The battle of Thermopylae and the valiant fight of 300 intrepid Spartans under the guidance of warrior King Leonidas against 10,000 Persian elite soldiers is one of the greatest moments of Ancient Greece’s history and provided great tales of bravery and patriotism for generations to come.
Most historians argue that the famous battle took place on August, 480 BC. Thermopylae (hot gates in English) was a pass of great strategic importance for those travelling south from Thessaly into central Greece. This is where the 7,100 men of the allied Greek forces were waiting.
The quarter-million strong Persian imperial army of King Xerxes was advancing in central Greece with the aim to reach Athens and take over the city. Xerxes was certain that conquering Greece would be easy, given the sheer number of his army. Yet, they camped for five days at Anthela, near Thermopylae, because they had no idea how many soldiers (hoplites in Greek) were waiting on the other side of the pass. They were also waiting for the Persian fleet that had been damaged and delayed by bad weather off the coast of Magnesia.

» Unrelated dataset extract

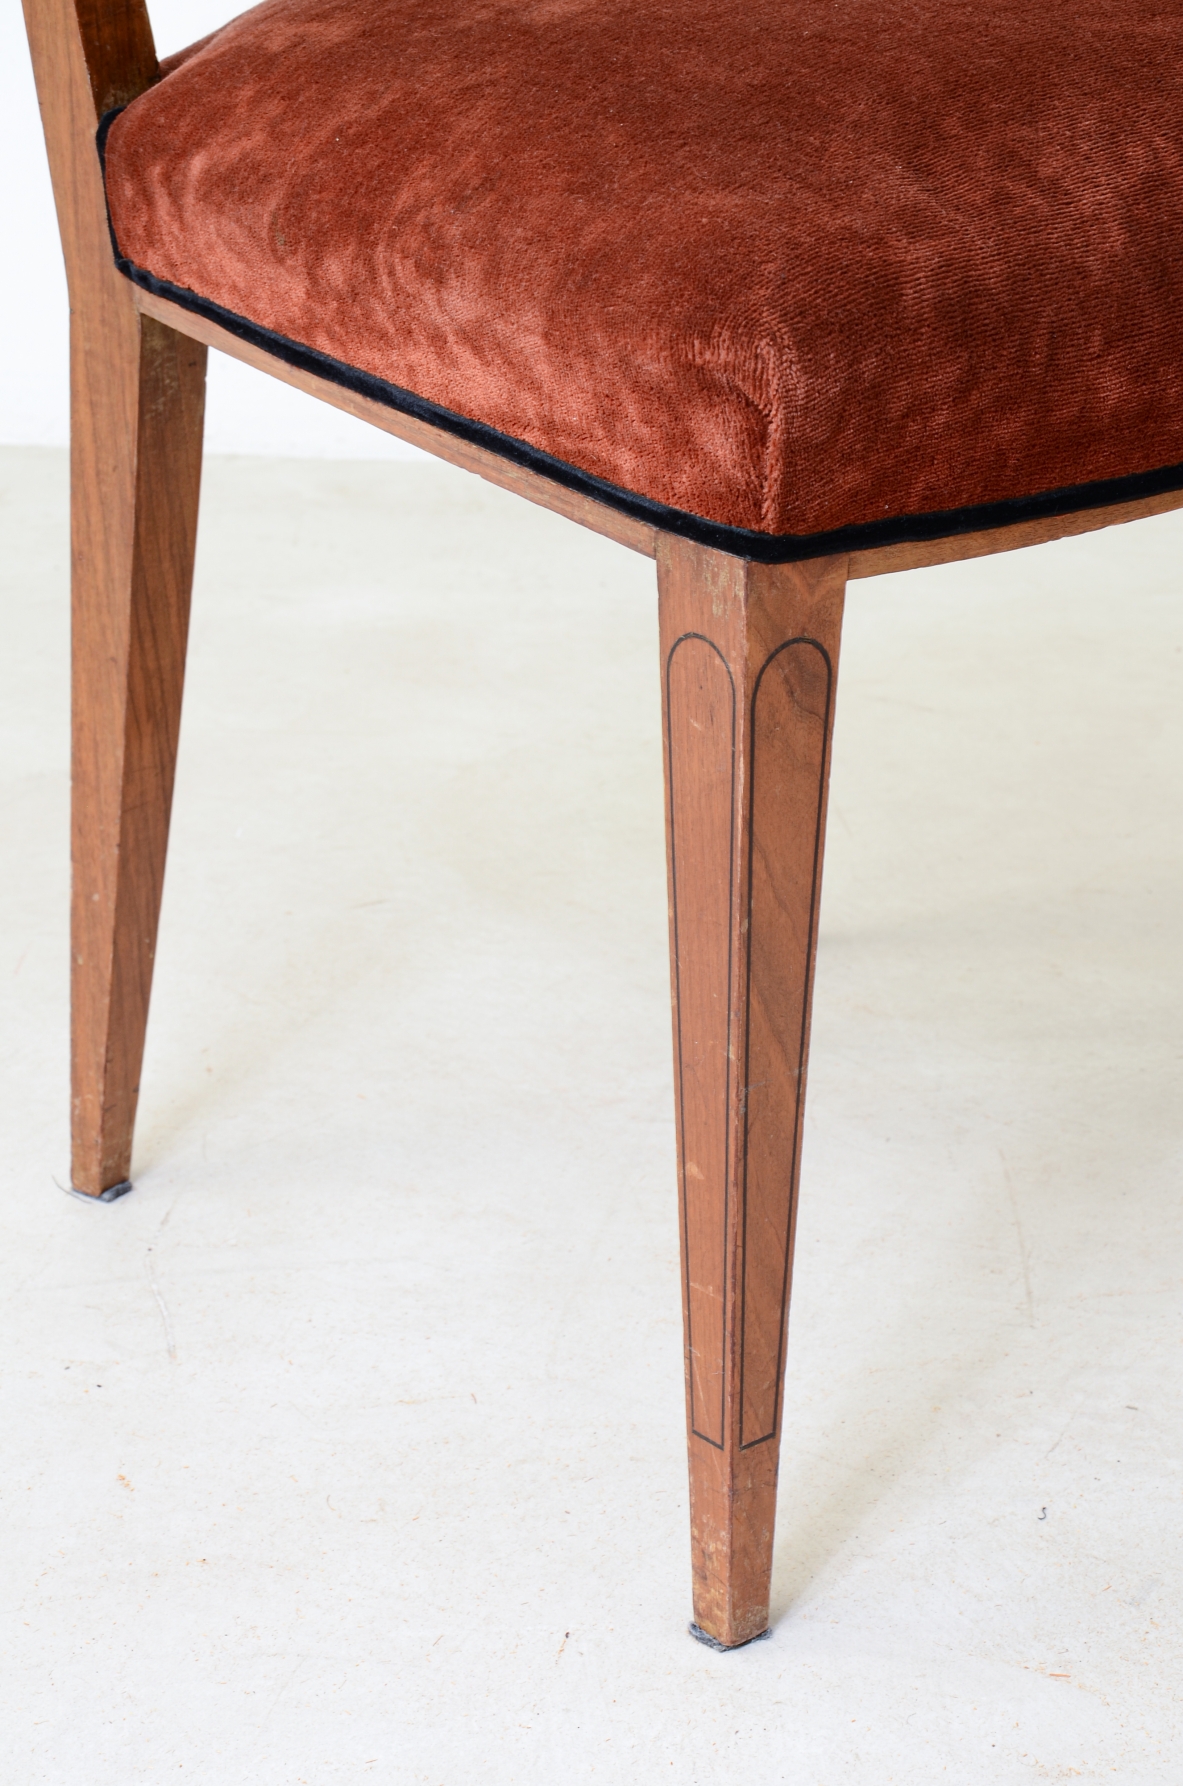 Paolo Buffa 8 elegant walnut chairs. Lietti manufacture 1930. Provenienza Gio Ponti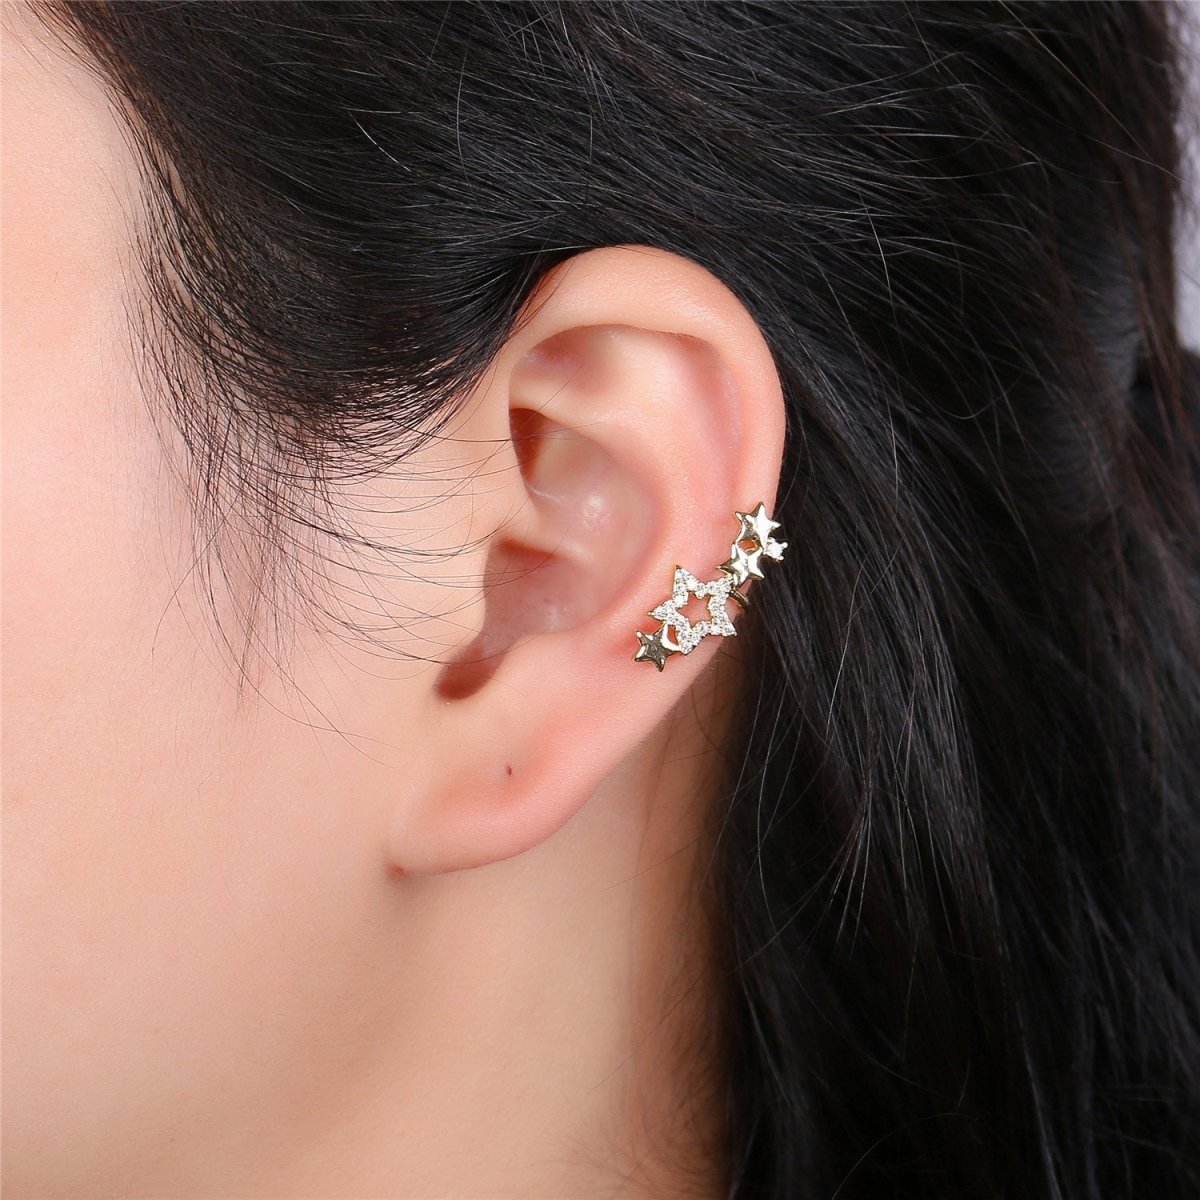 Star Ear Cuff No Piercing • Gold Filled ear cuff • conch cuff • fake helix piercing • Star earring crawler • cartilage cuff K-155 - DLUXCA

When the Persian army attacked, the battle went entirely according to the plan of the Greeks at first. The narrowness of the pass at the middle gate negated the advantage of numbers for the imperial troops. Moreover, the Greek hoplites were better equipped, with long thrusting spears, heavy bronze and wood shields, and body armors. The Persians had shorter spears, wicker shields, and thick-woven linen corselets. For two days the Spartans held off lesser elements of the imperial army: Medes and Cissians were succeeded by the elite troops, the Immortals, to little avail.
But the tide turned when a local man, Ephialtes of Trachis, offered, in exchange of money and favors, to show the Persians a way around the back of the defending force, the Anopaia path, a way to get past the mountain and attack the Greeks from behind. Xerxes agreed, sending what was left of his 10,000 “Immortals” off at dusk.
According to Herodotus, Leonidas had been aware from the beginning of the existence of the Anopaia path. He had stationed 1,000 Phokians there to stop any encircling movement. However, the Phokians were taken by surprise and put up little resistance. But word got through to Leonidas that the position had been outflanked, and there seems to have been time to abandon the position and withdraw to the south before the Immortals arrived.
Yet, Leonidas refused to retreat. He let everyone else leave and kept his 300 Spartans to battle the Persians. There have been many interpretations of his decision to stay and fight until death. Herodotus represents it as an act of deliberate self-sacrifice carried out in accordance with an oracle, which had said that the death of a Spartan king would save Sparta from destruction. Other historians took the military approach and argued that Leonidas wanted to give the allied contingents time to get away.
Nevertheless, the Battle of Thermopylae and the heroism of Leonidas and his brave hoplites have written one of the most brilliant pages of Greece’s rich history.
As for Ephialtes, the greedy traitor, his name was used later in the modern Greek language to mean “nightmare.”